In some embodiments, two or more conduits may branch from a common wellbore. FIG. 5 depicts a schematic of an embodiment of two conduits extending from one common wellbore. Extending the conduits from one common wellbore may reduce costs by forming fewer wellbores in the formation. Using common wellbores may allow wellbores to be spaced further apart and produce the same heating efficiencies and the same heating times as drilling two different wellbores for each conduit through the formation. Using common wellbores may allow ferromagnetic materials to be used in overburden casing 216 since the magnetic fields cancel due to the approximately equal and opposite flow of current in the overburden section of conduits 230, 232. Extending conduits from one common wellbore may allow longer conduits to be used.

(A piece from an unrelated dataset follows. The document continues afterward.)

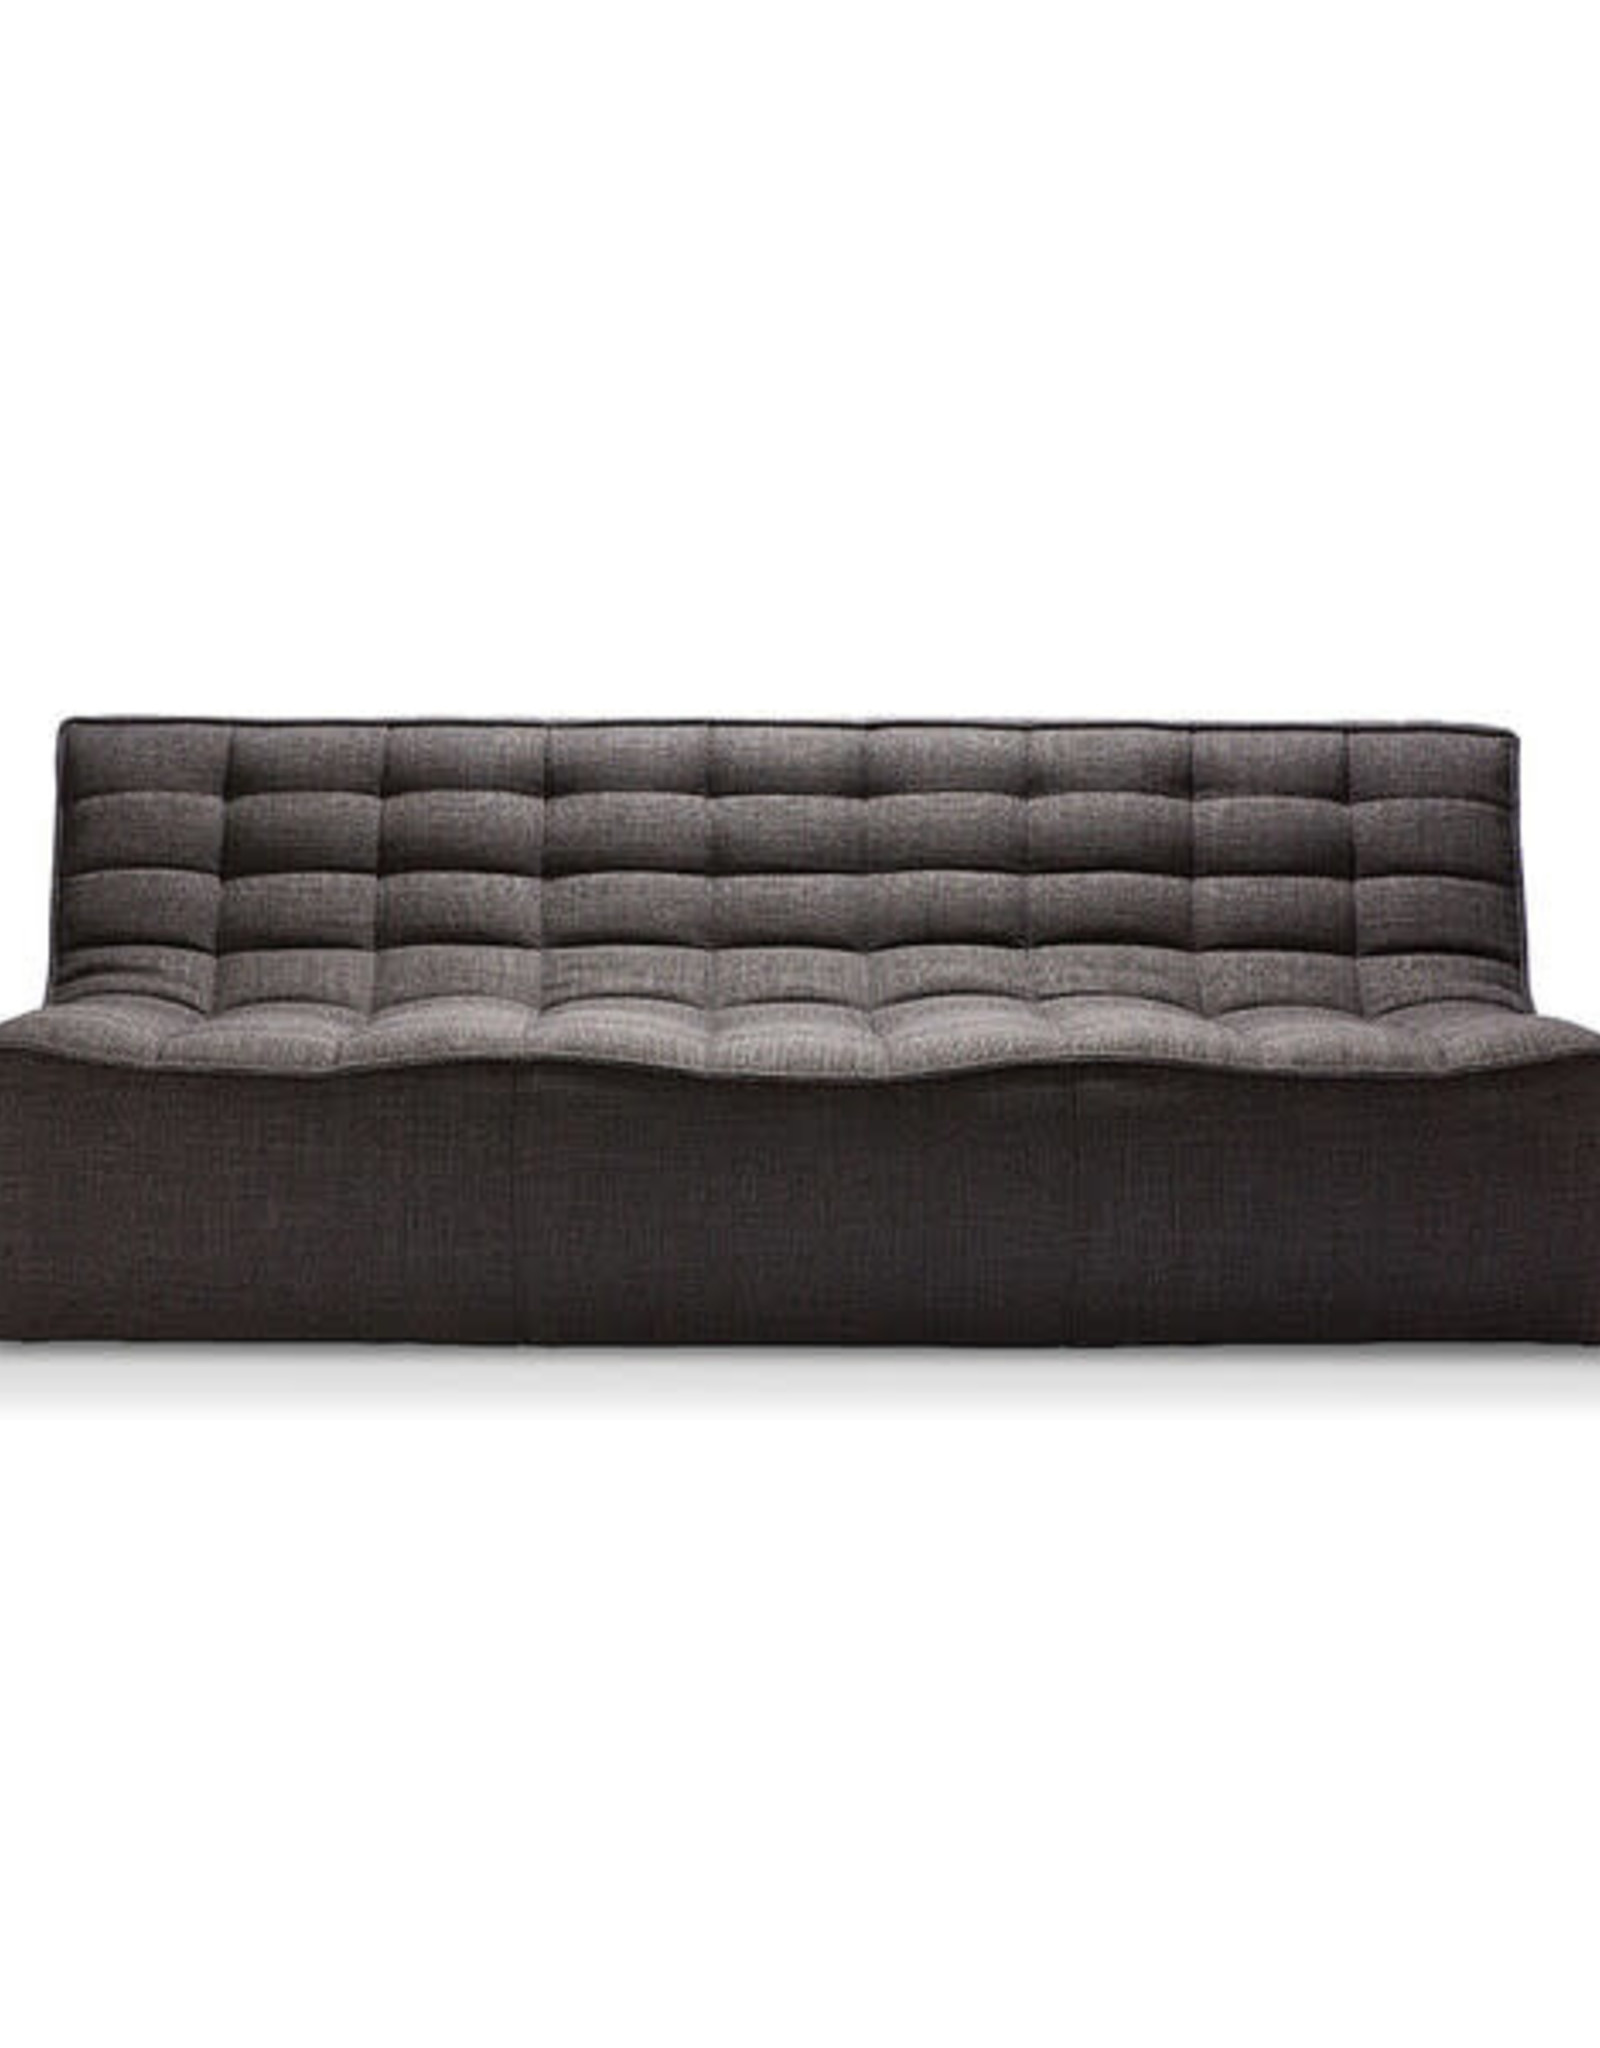 N701 Sofa,  Three-Seater

Conduits 230, 232 may extend from common vertical portion 260 of wellbore 224. Conduit 232 may be installed through an opening (for example, a milled window) in vertical portion 260. Conduits 230, 232 may extend substantially horizontally or inclined from vertical portion 260. Conduits 230, 232 may include electrically conductive material 236. In some embodiments, conduits 230, 232 include electrically conductive sections and electrically insulating material, as described for conduit 246 in FIGS. 3 and 4. Conduit 230 and/or conduit 232 may include openings 238. Current may flow from a power source to conduit 230 through conductor 240. The current may pass through hydrocarbon containing layer 212 to conduit 232. The current may pass from conduit 232 through conductor 240′ back to the power source to complete the circuit. The flow of current as shown by arrows 244 through hydrocarbon layer 212 from conduits 230, 232 heats the hydrocarbon layer between the conduits.

In certain embodiments, electrodes (such as conduits 230, 232, conduit 246, and/or ground 248) are coated or cladded with high electrical conductivity material to reduce energy losses. In some embodiments, overburden conductors (such as conductor 240) are coated or cladded with high electrical conductivity material. FIG. 7 depicts an embodiment of conduit 230 with heating zone cladding 264 and conductor 240 with overburden cladding 266. In certain embodiments, conduit 230 is made of carbon steel. Cladding 264 may be copper or another highly electrically conductive material. In certain embodiments, cladding 264 and/or cladding 266 is coupled to conduit 230 and/or conductor 240 by wrapping thin layers of the cladding onto the conduit or conductor. In some embodiments, cladding 264 and/or cladding 266 is coupled to conduit 230 and/or conductor 240 by depositing or coating the cladding using electrolysis.

In certain embodiments, overburden cladding 266 has a substantially constant thickness along the length of conductor 240 as the current along the conductor is substantially constant. In the hydrocarbon layer of the formation, however, electrical current flows into the formation and electrical current decreases linearly along the length of conduit 230 if current injection into the formation is uniform. Since current in conduit 230 decreases along the length of the conduit, heating zone cladding 264 can decrease in thickness linearly along with the current while still reducing energy losses to acceptable levels along the length of the conduit. Having heating zone cladding 264 taper to a thinner thickness along the length of conduit 230 reduces the total cost of putting the cladding on the conduit.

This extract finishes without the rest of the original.